This article based on content from http://www.nagatashachu.com/index.html. Original version: http://www.nagatashachu.com/index.html


[edit] About


"Nagata Shachu (formerly Kiyoshi Nagata Ensemble), based in Toronto, Canada, has enthralled audiences with its mesmerizing and heart-pounding performances of the Japanese drum (taiko) since its formation in 1998. The ensemble has toured widely throughout Canada, the US and Italy performing in theatres, concert halls, and major music festivals.

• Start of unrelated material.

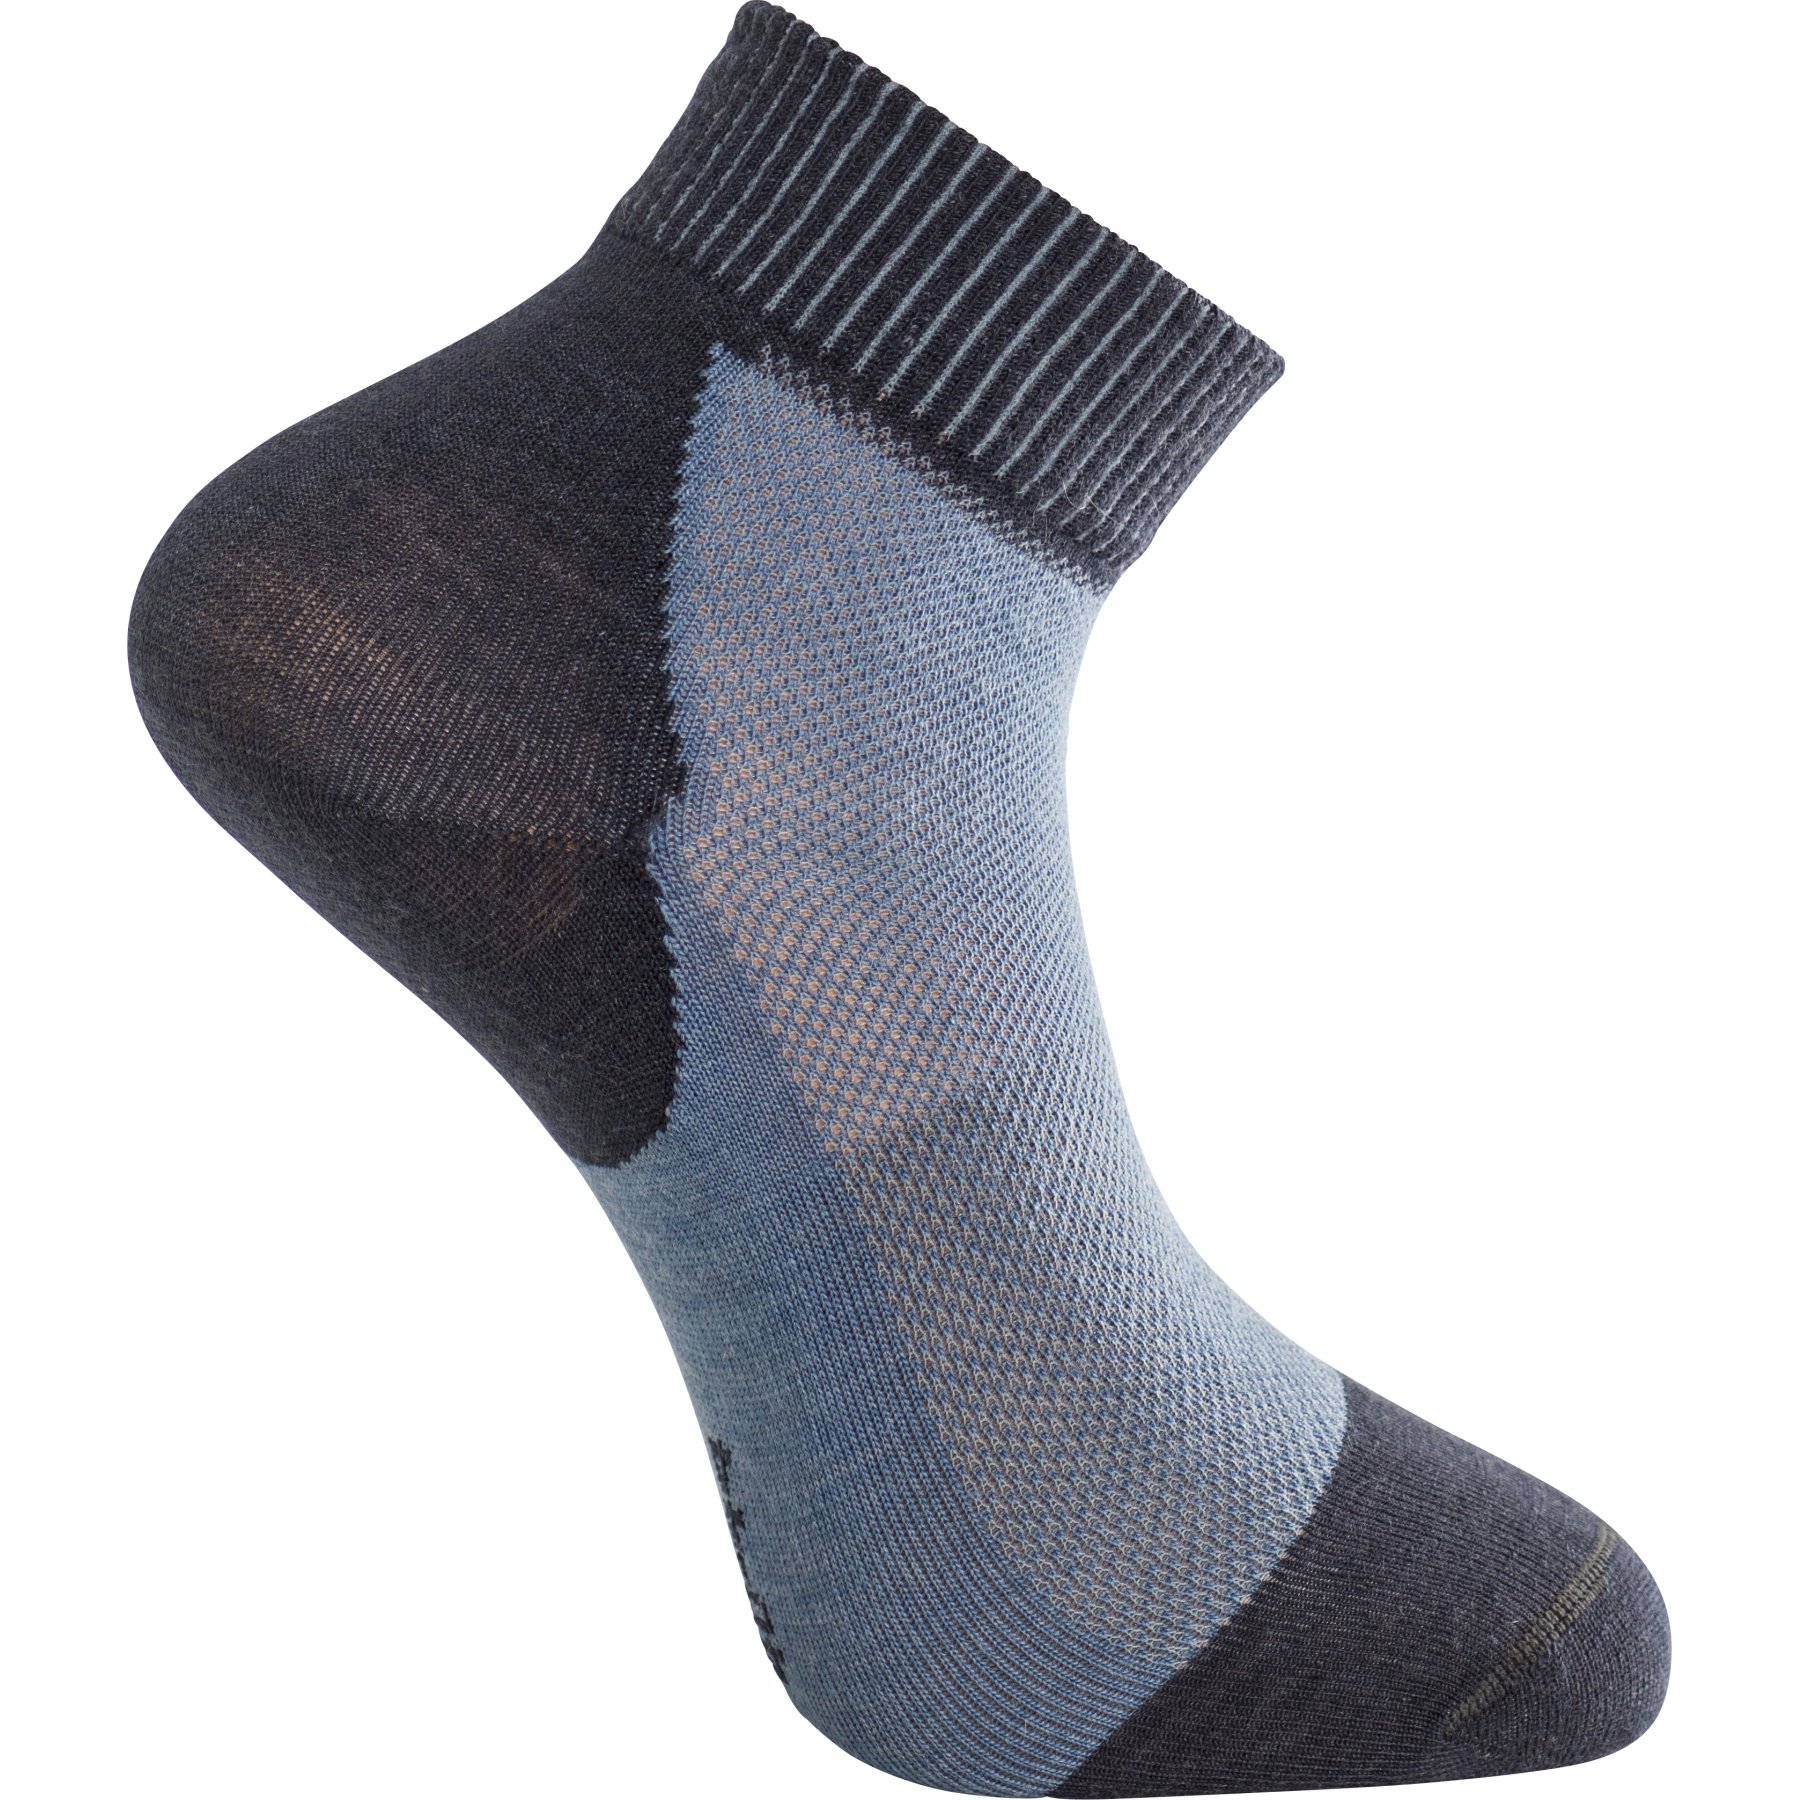 Productfoto van Woolpower Skilled Liner Short Socks - dark navy-nordic blue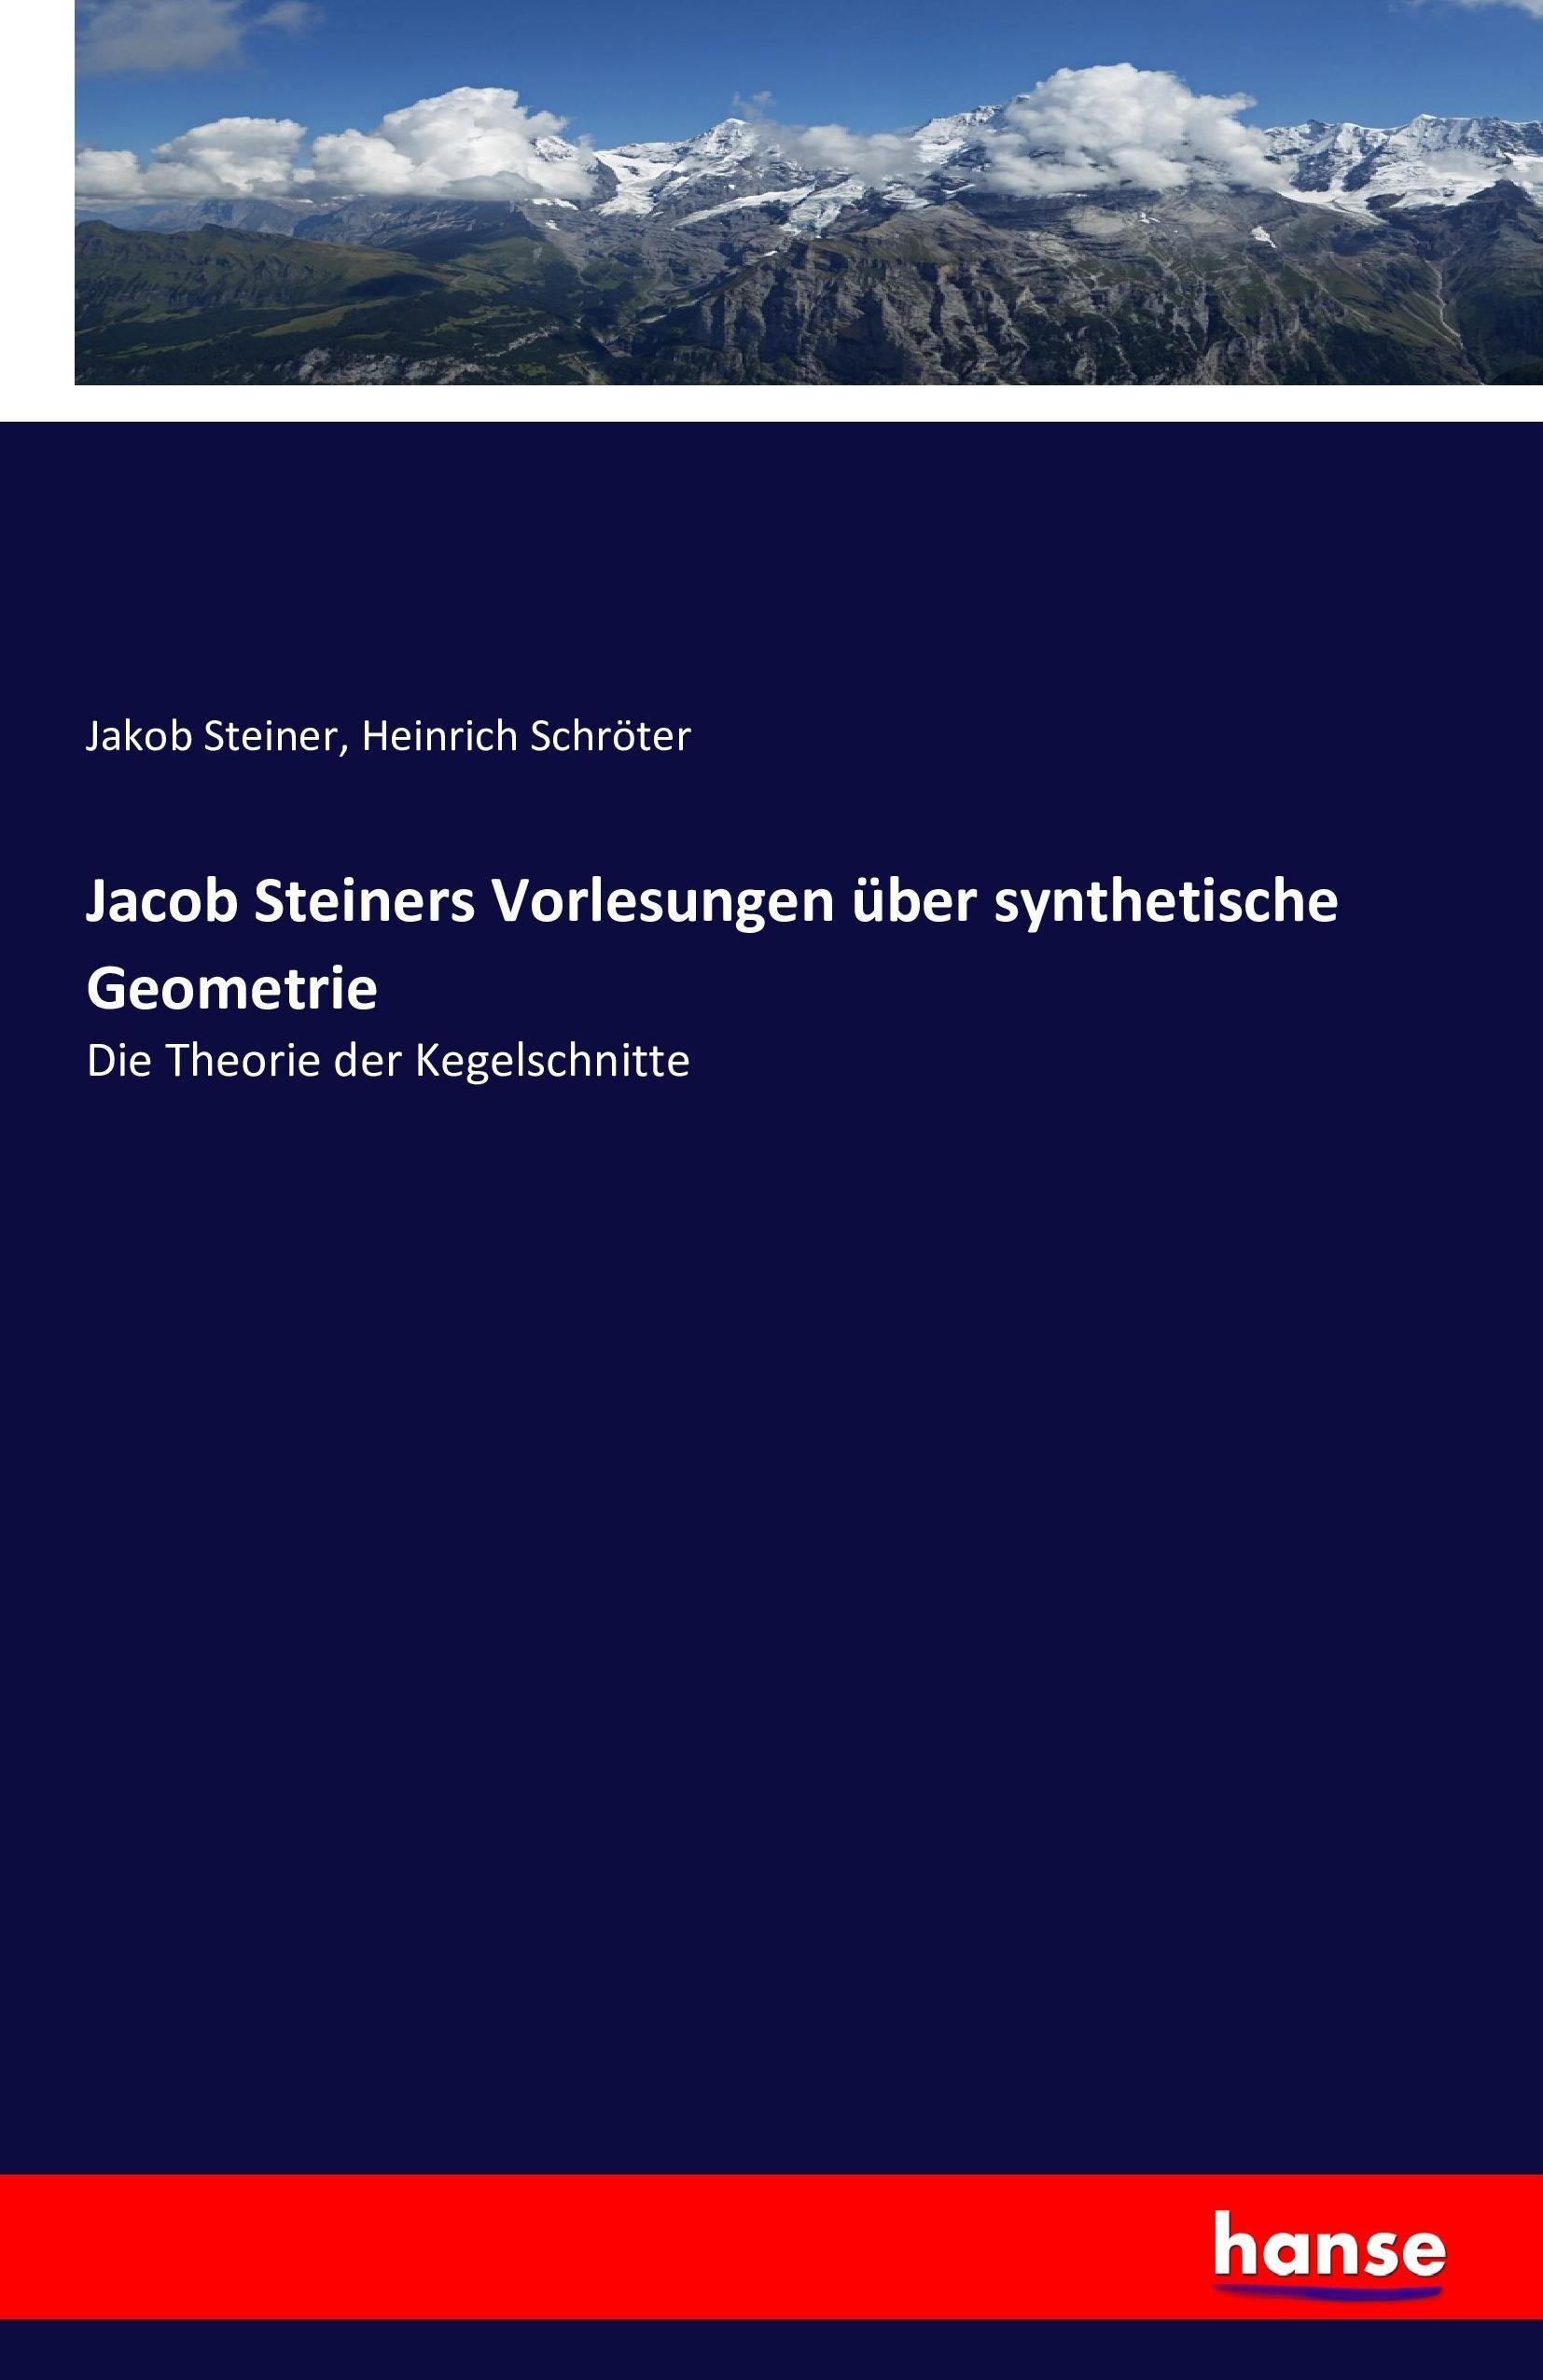 Jacob Steiners Vorlesungen ueber synthetische Geometrie - Steiner, Jakob Schroeter, Heinrich

While rooted in the folk drumming traditions of Japan, the group's principal aim is to rejuvenate this ancient art form by producing innovative and exciting music that seeks to create a new voice for the taiko. Taking its name from founder Kiyoshi Nagata, and shachu (an old term for a performing troupe), Nagata Shachu has become renowned for its exacting, straightforward yet physically demanding performances as well as for its diverse repertoire. Their playing is the combination of unbounded spirit with the highest levels of musicianship and discipline. The result is an unforgettable experience that is both powerful in expression and heartfelt in its sincerity.

Nagata Shachu has the unique distinction of having sponsorship from four major Japanese drum manufacturers. Since 1999, the ensemble has rehearsed in its own fully equipped and dedicated taiko studio.

In addition to having recorded five CDs of original music, Nagata Shachu produces its own annual concert where it premieres new works and often collaborates with guest artists.

Combining thunderous, primal drumbeats with subtle, intricate rhythms, the ensemble is able to produce a wide spectrum of sound. Featuring a vast array of Japanese taiko (including the massive O-Daiko), gongs, bells, wooden clappers, shakers and bamboo flutes, Nagata Shachu will take you on a musical journey beyond all borders."[1]


[edit] Members


[edit] Kiyoshi Nagata

  • taiko,shinobue, and shakuhachi

Kiyoshi Nagata, the ensemble's artistic director, is Canada's preeminent taiko soloist who has been performing in a career that spans three decades. His principal studies were with Daihachi Oguchi (as artistic director and performer of the Toronto-based, Suwa Daiko from 1982 to 1992) and with Kodo (as an apprentice from 1993 to 1994). With the assistance of a Chalmers Performing Arts Training Grant in 1999, Kiyoshi studied classical percussion with Paul Houle at the Royal Conservatory of Music in Toronto.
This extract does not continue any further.